Recently, a large study that looked at SNPs in 1365 DD patient bloods identified a number of WNT gene SNPs as being associated with DD patients 
. One of the SNPs was in SFRP4
, a frizzle-related gene which was at the top of our list for genes that are more highly expressed in DD compared to normal samples. However, this SNP was more closely associated with the gene EPDR1
, a gene involved in cell adhesion, which we found had an increased expression in DD. These results provide intriguing clues to the cause of DD disease.

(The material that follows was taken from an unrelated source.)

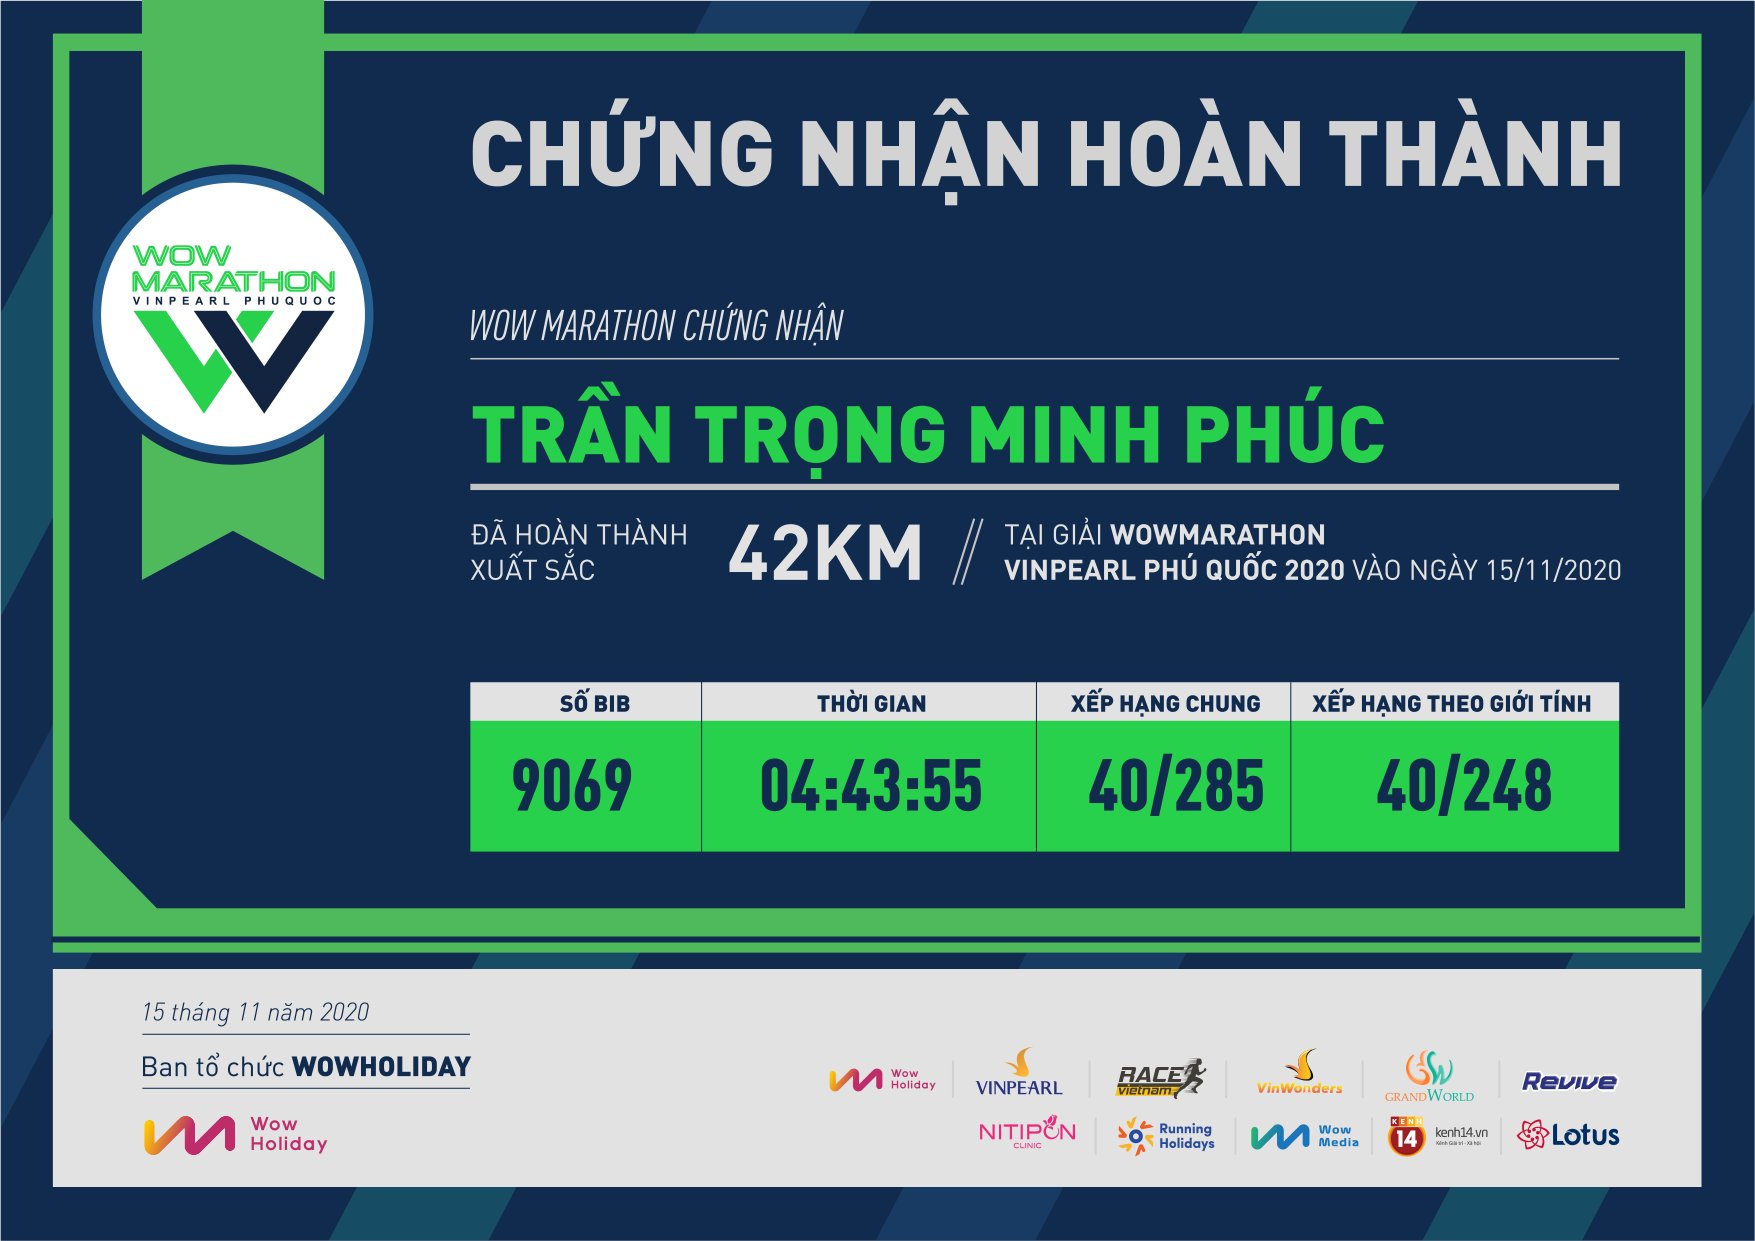 9069 - Trần Trọng Minh Phúc

An advantage of our study was the use of control samples from donors with no DD genetic background. This avoided the potential complication of associated genetics in control samples from DD-affected tissue donor which have been used as controls in some previous investigations. We also had the advantage that highly sensitive exon arrays were used to obtain quality results. In this study we have not only identified transcripts which are precursors to known fibrotic components, but also have identified a large number of potential DD treatment candidates, some of which have also been identified in other genomic studies. Some of our findings, however, also contrast with and contradict those of other studies and require further examination to discovery how they relate to the onset and progression of DD.

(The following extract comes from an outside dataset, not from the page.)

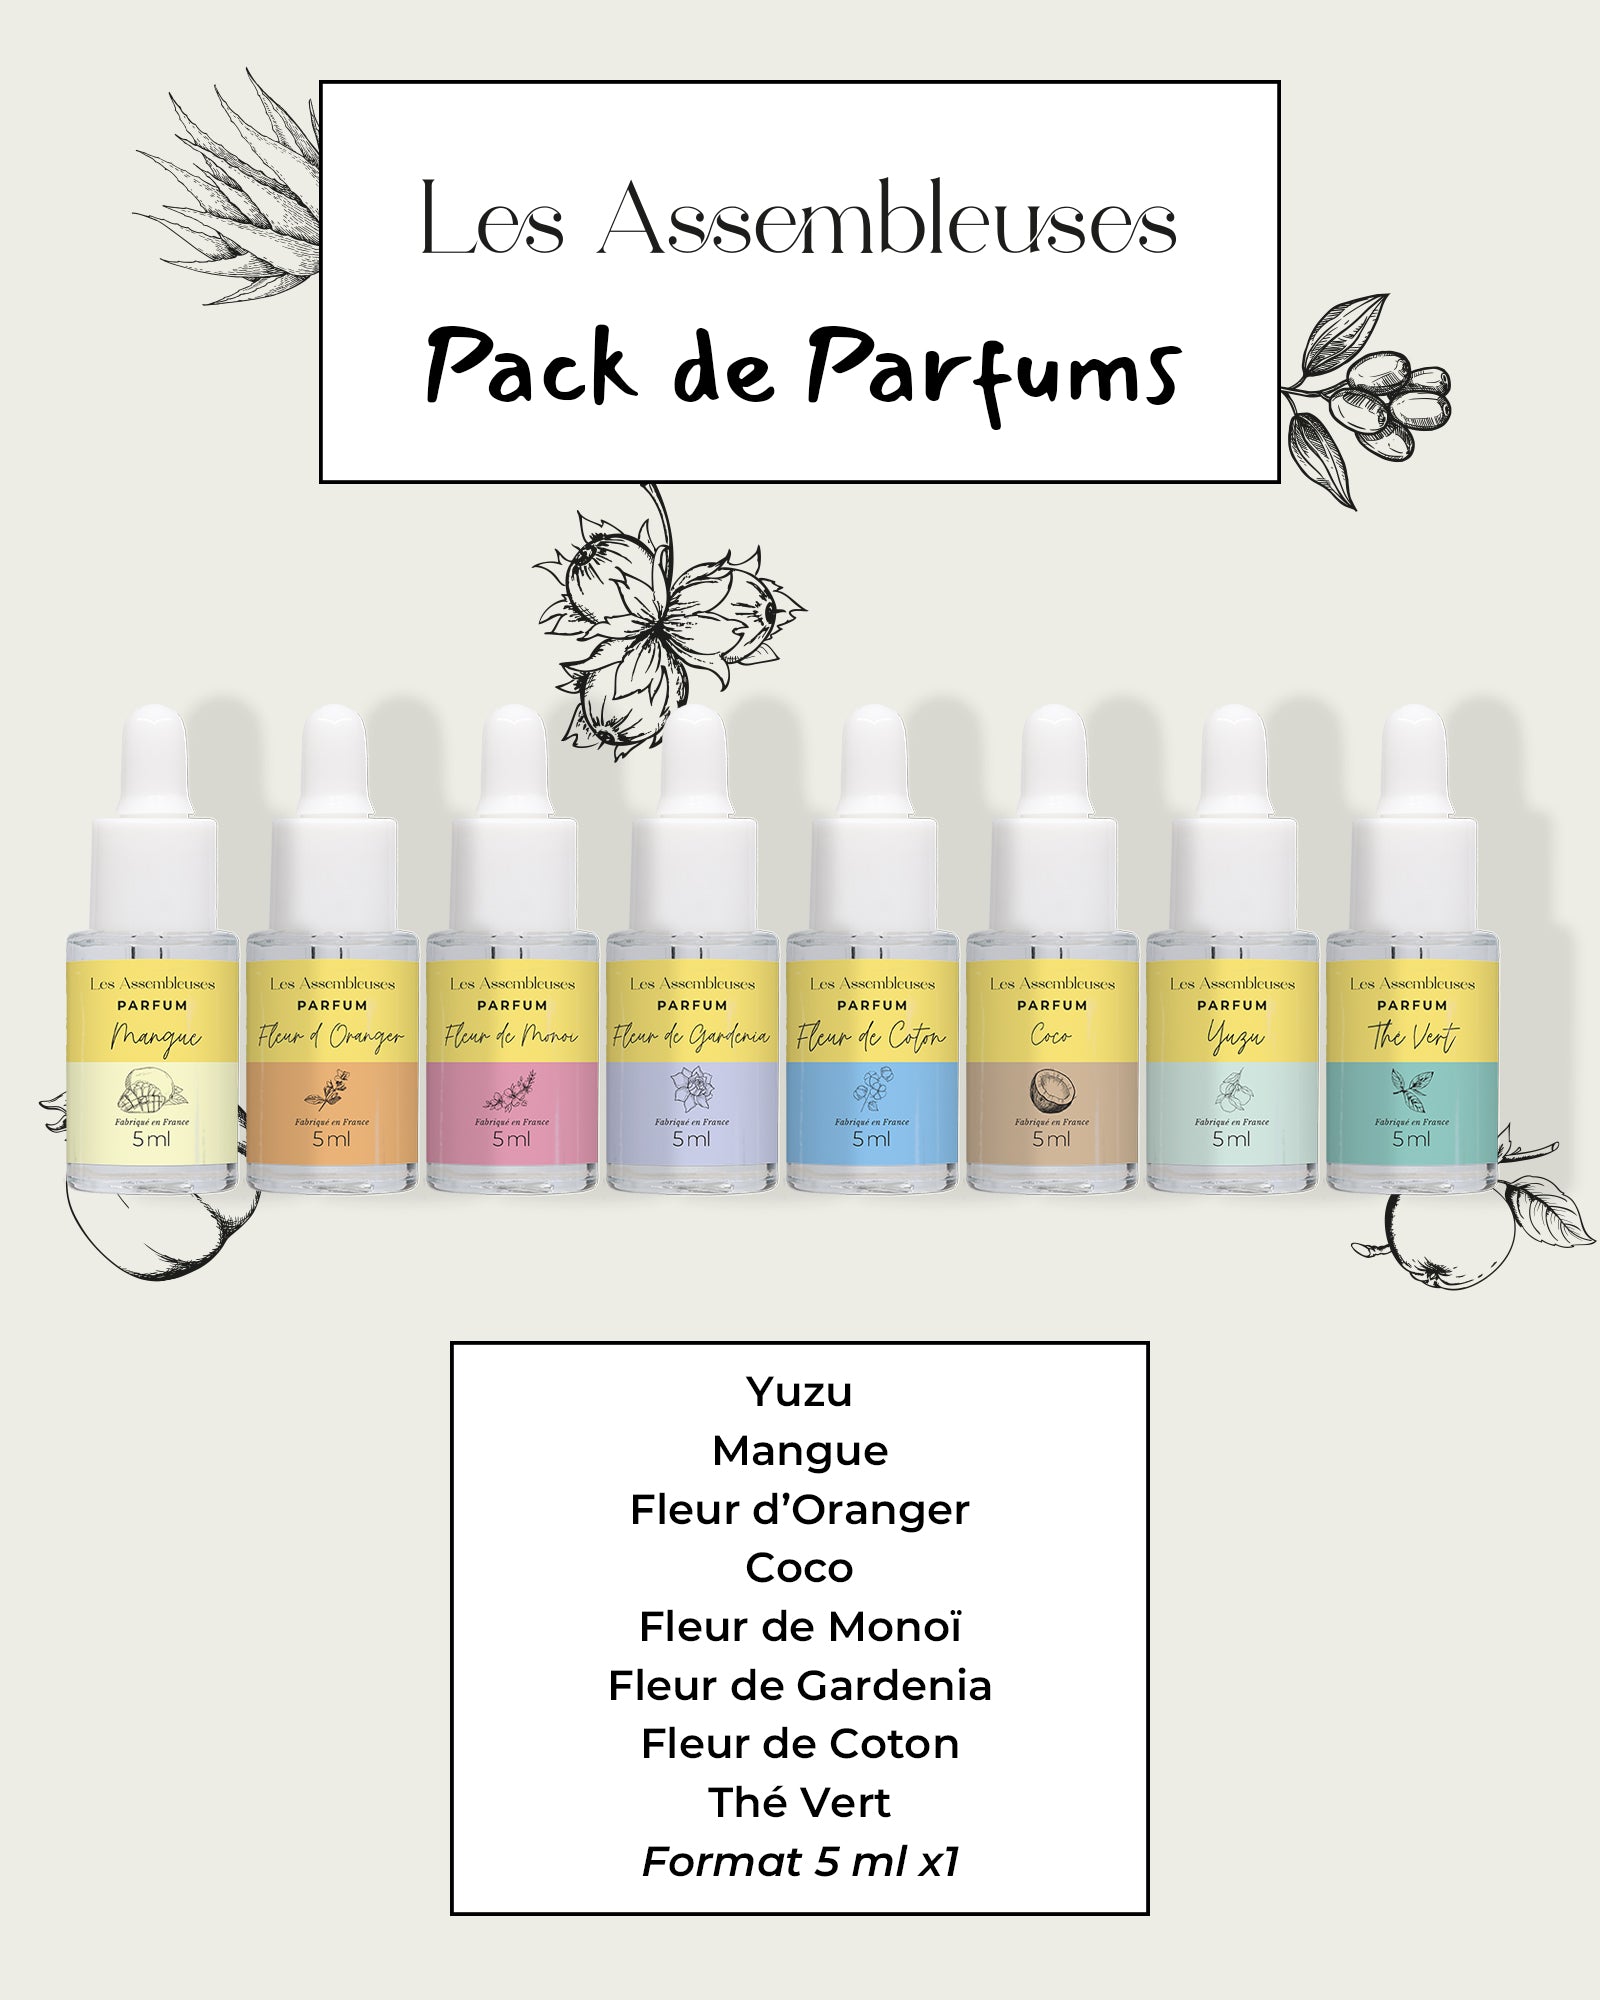 Pack de Parfums

In conclusion, we have comprehensively characterized the transcription profile differences between DD and normal primary fibroblasts. Our data indicate that in DD there is an excess of collagen and other ECM that is not controlled due to a reduction in matrix metalloproteinases and other matrix remodelling proteins. A reduction in the fibrotic control protein, follistatin, may also contribute to DD. In addition, the fibroblasts lack expression of genes involved in cell movement and cytoskeletal organisation and an increase in genes involved in cell adhesion. These indicate a lack of organisation of both extra- and intra-cellular matrix as well as a lack of cellular movement in DD. Alternative transcripts have also been identified which are expressed at different levels in the DD patients compared to the controls and may reflect cell stress such as hypoxia. These conclusions will be the basis for future experimentation. Many of the identified genes are potential candidates for the treatment of DD. There was a close correlation between expression levels in some genes from our study and data from previous studies using DD tissue samples providing reason to pursue investigations into potential therapeutic development strategies using in vitro studies on DD fibroblasts. It is likely some of these candidate genes for treating DD will also be effective for fibrotic diseases in general, including injury-related and radiotherapy-induced fibrosis.